CUET · MATHS · PYQ PAPER 2025
Match List-I with List-II
| List-I (Function) | List-II (Property) |
| (A) \(f(x)=\left\{\begin{array}{ll}\frac{x}{|x|} & : x \neq 0 \\ 0 & : x=0\end{array}\right.\) | (I) continuous but not differentiable at \(x=0\) |
| (B) \(f ( x )=| x |\) | (II) continuous but not differentiable at \(x=1\) |
| (C) \(f(x)=\left|x^2-1\right|\) | (III) discontinuous at \(x=0\) |
| (D) \(f(x)=|x-1|\) | (IV) continuous but not differentiable at \(x=1,-1\) |
- A (A) - (III), (B) - (I), (C) - (IV), (D) - (II)
- B (A) - (IV), (B) - (I), (C) - (II), (D) - (III)
- C (A) - (III), (B) - (I), (C) - (II), (D) - (IV)

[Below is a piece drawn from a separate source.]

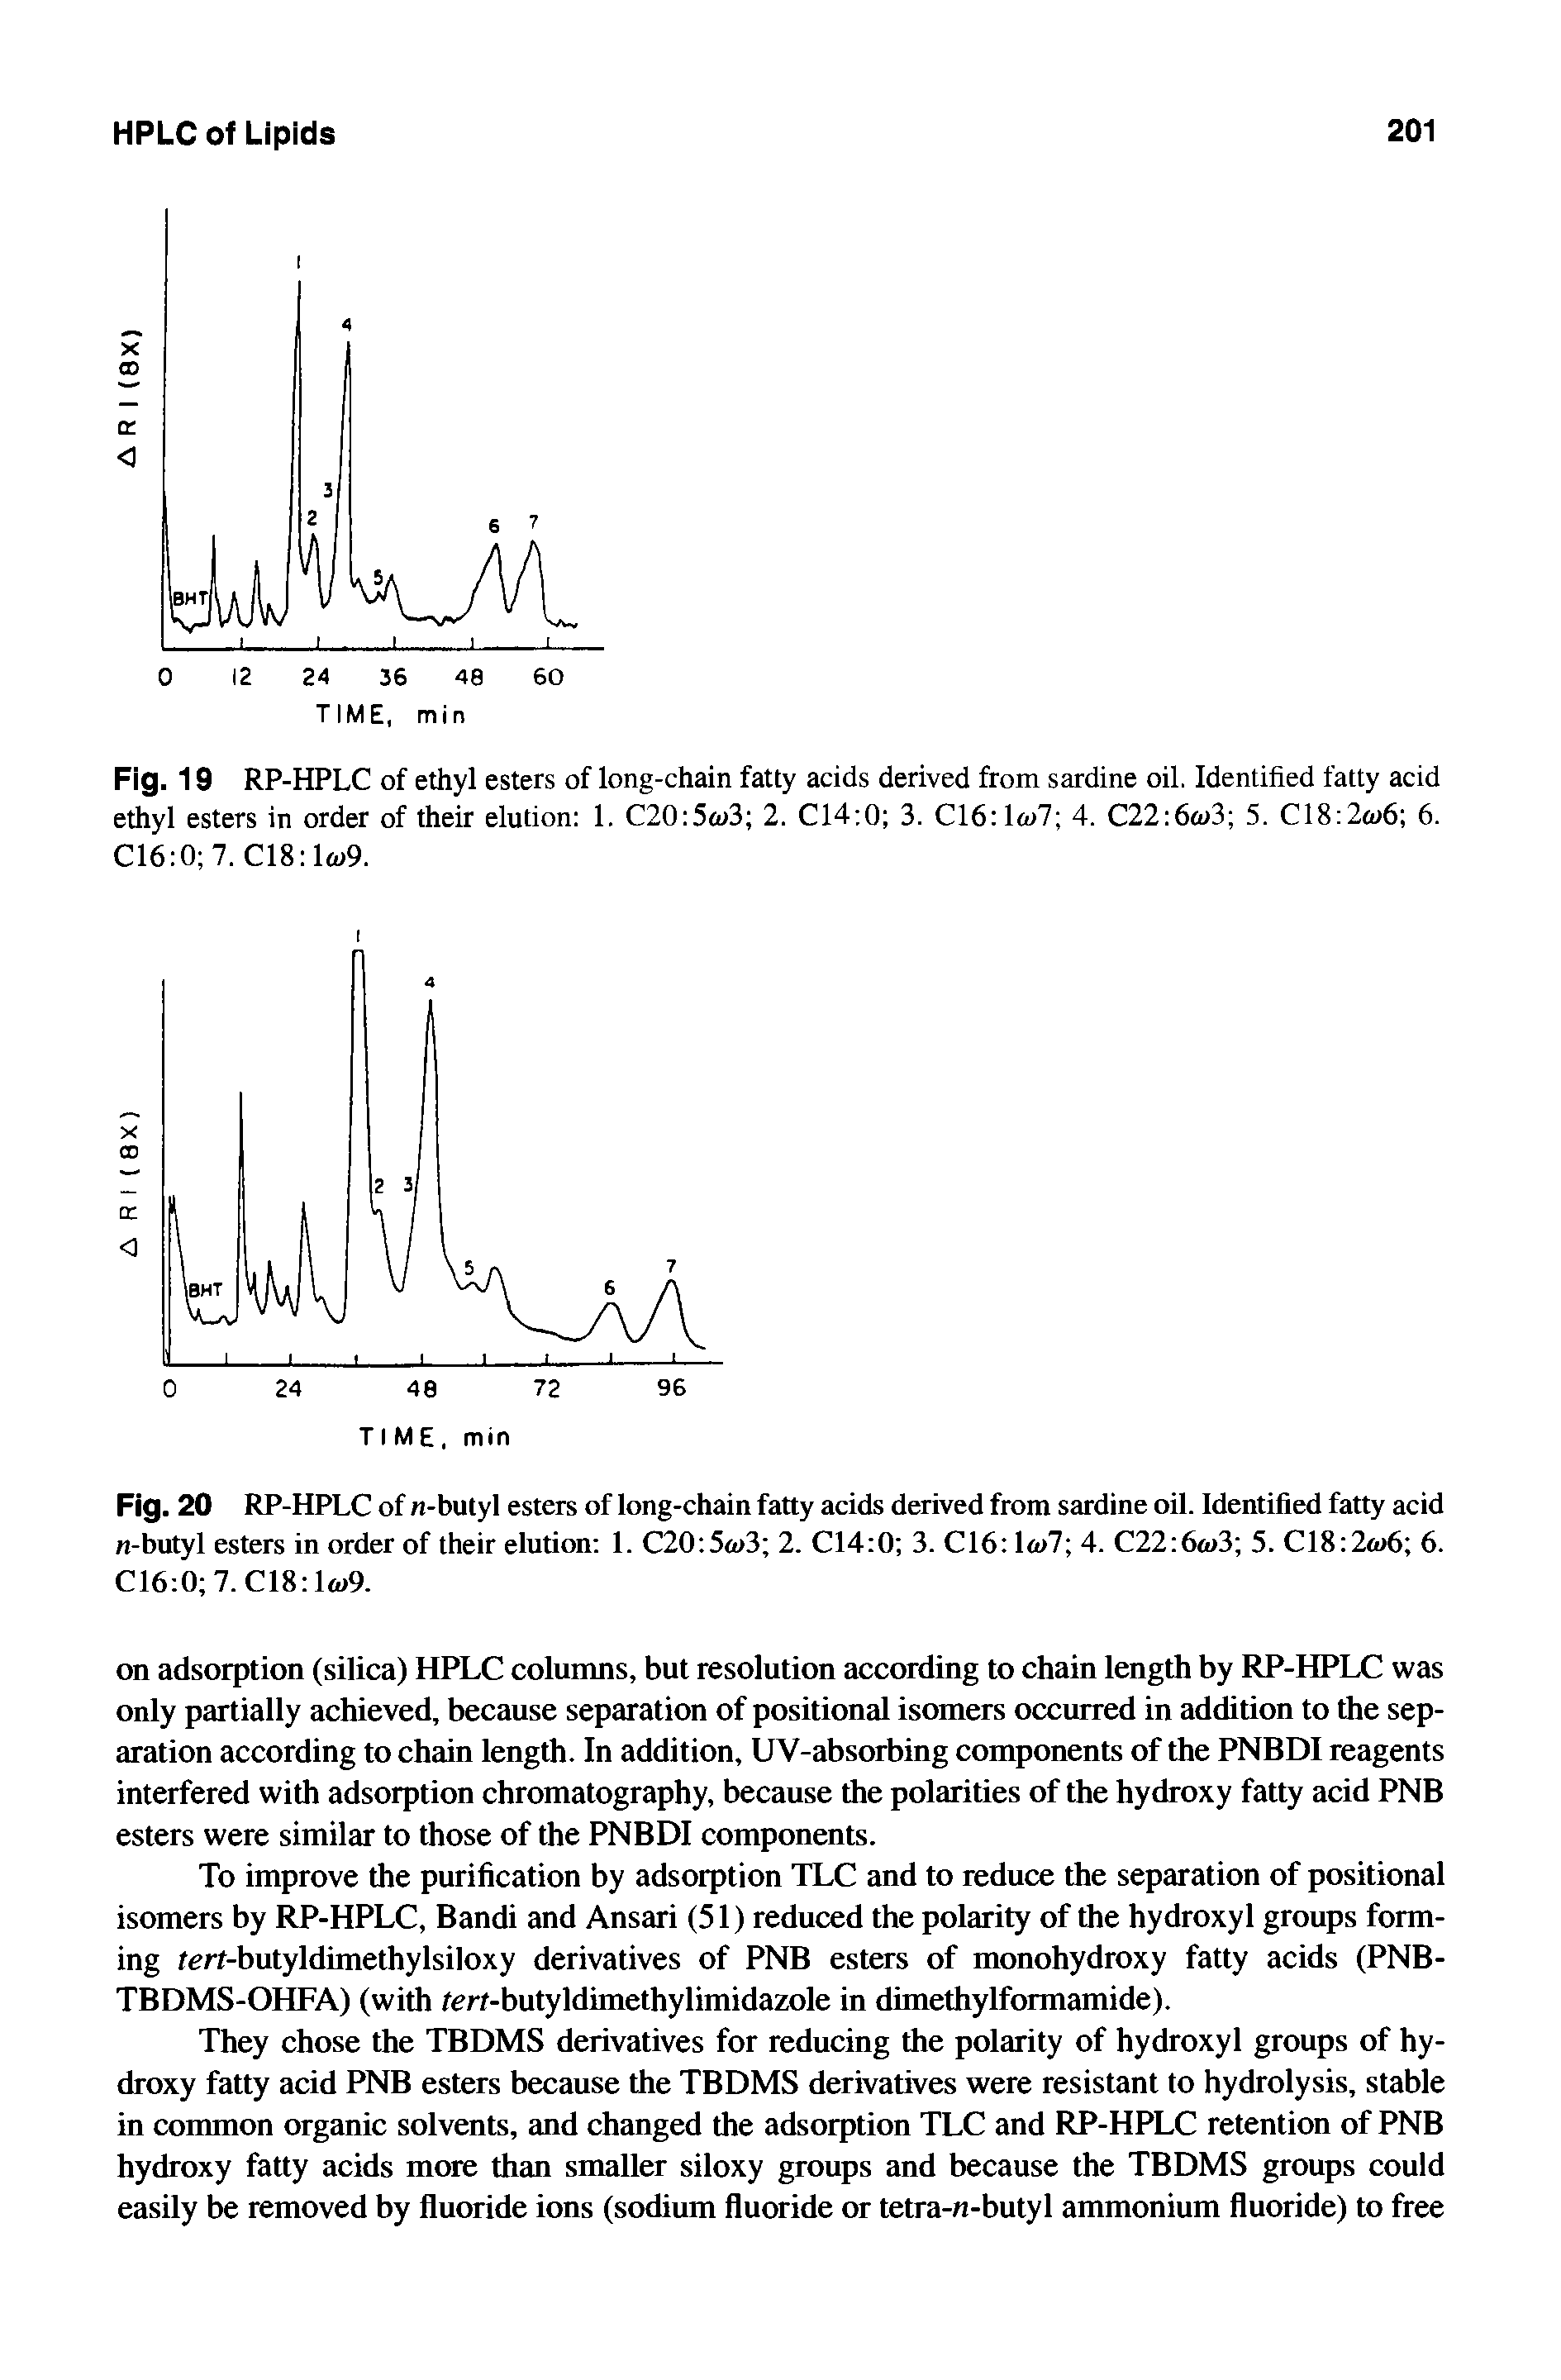 Fig. 20 RP-HPLC of n-butyl esters of long-chain fatty acids derived from sardine oil. Identified fatty acid n-butyl esters in order of their elution 1. C20 5a>3 2. 04 0 3. 06 la>7 4. C22 6 >3 5. 08 2 >6 6. 06 0 7. 08 I<u9.
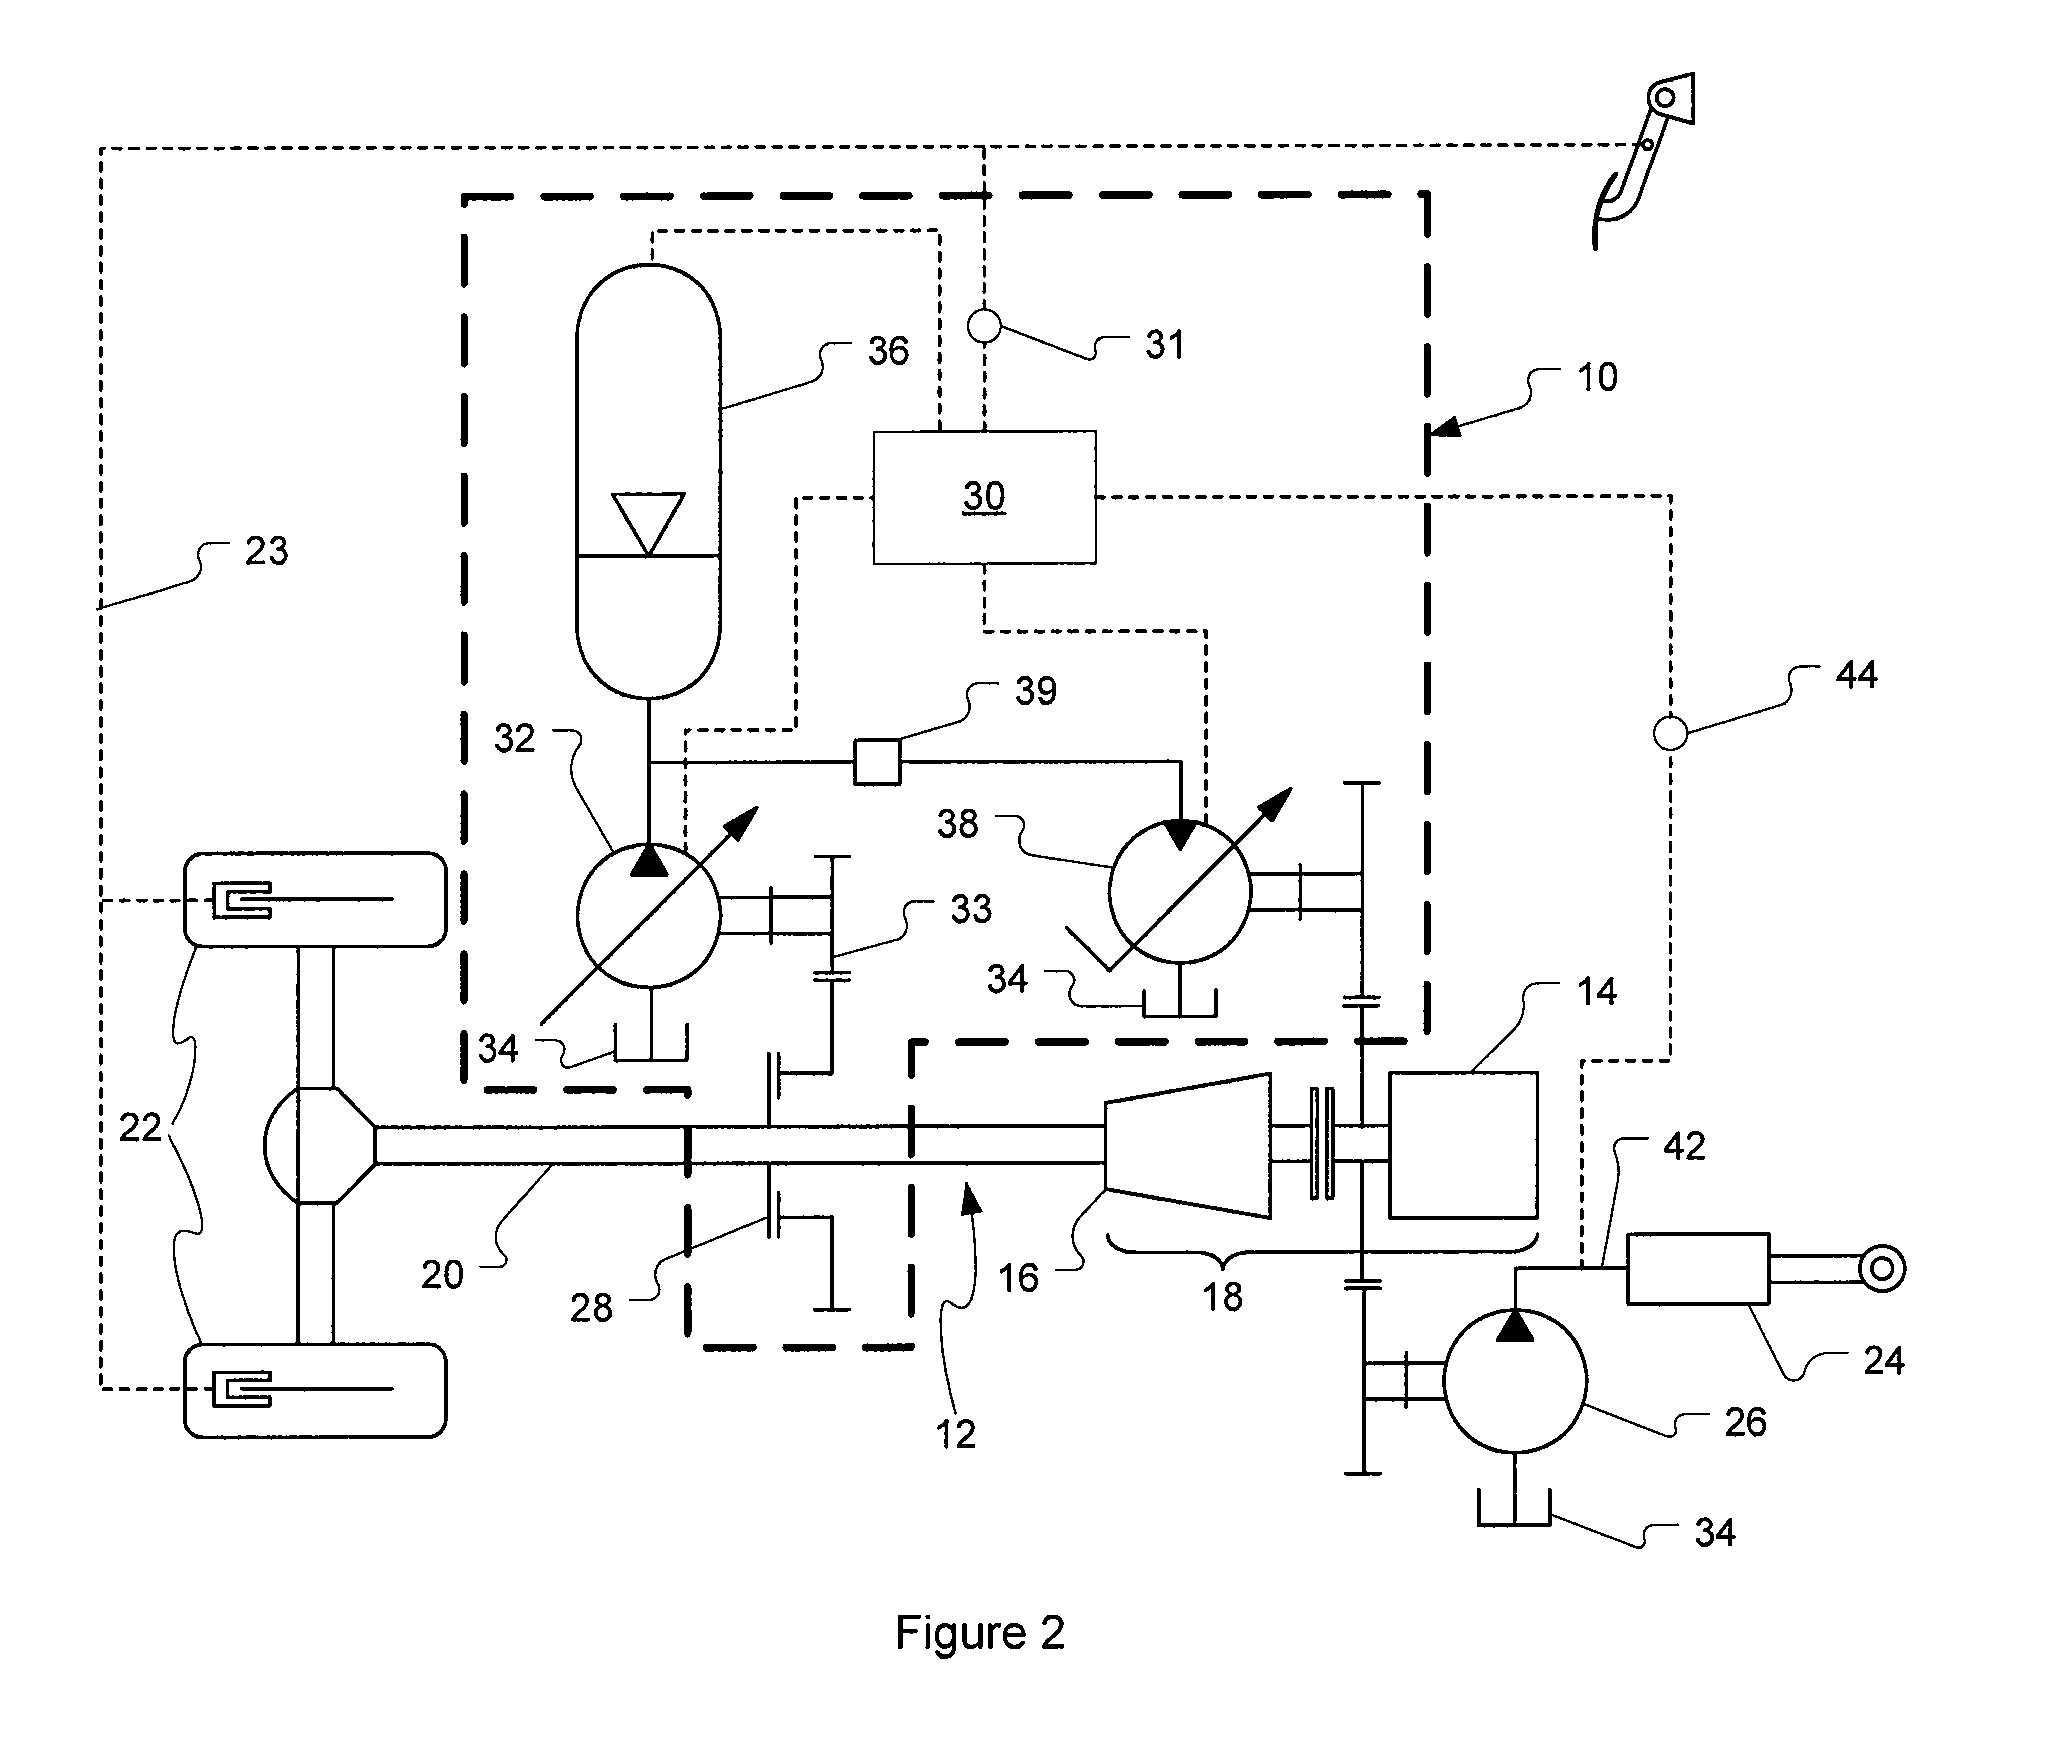 Braking energy recovery system for a vehicle and vehicle equipped with same

- D (A) - (IV), (B) - (III), (C) - (I), (D) - (II)
Answer & Solution
Correct Answer
(A) (A) - (III), (B) - (I), (C) - (IV), (D) - (II)
Step-by-step Solution
Detailed explanation
(A) \(f(x)=\left\{\begin{array}{ll}\frac{x}{|x|} & : x \neq 0 \\ 0 & : x=0\end{array}\right.\) \(\lim_{x \to 0^-} f(x) = \lim_{x \to 0^-} \frac{x}{-x} = -1\) \(\lim_{x \to 0^+} f(x) = \lim_{x \to 0^+} \frac{x}{x} = 1\) \(-1 \neq 1\), so \(f(x)\) is discontinuous at \(x=0\).…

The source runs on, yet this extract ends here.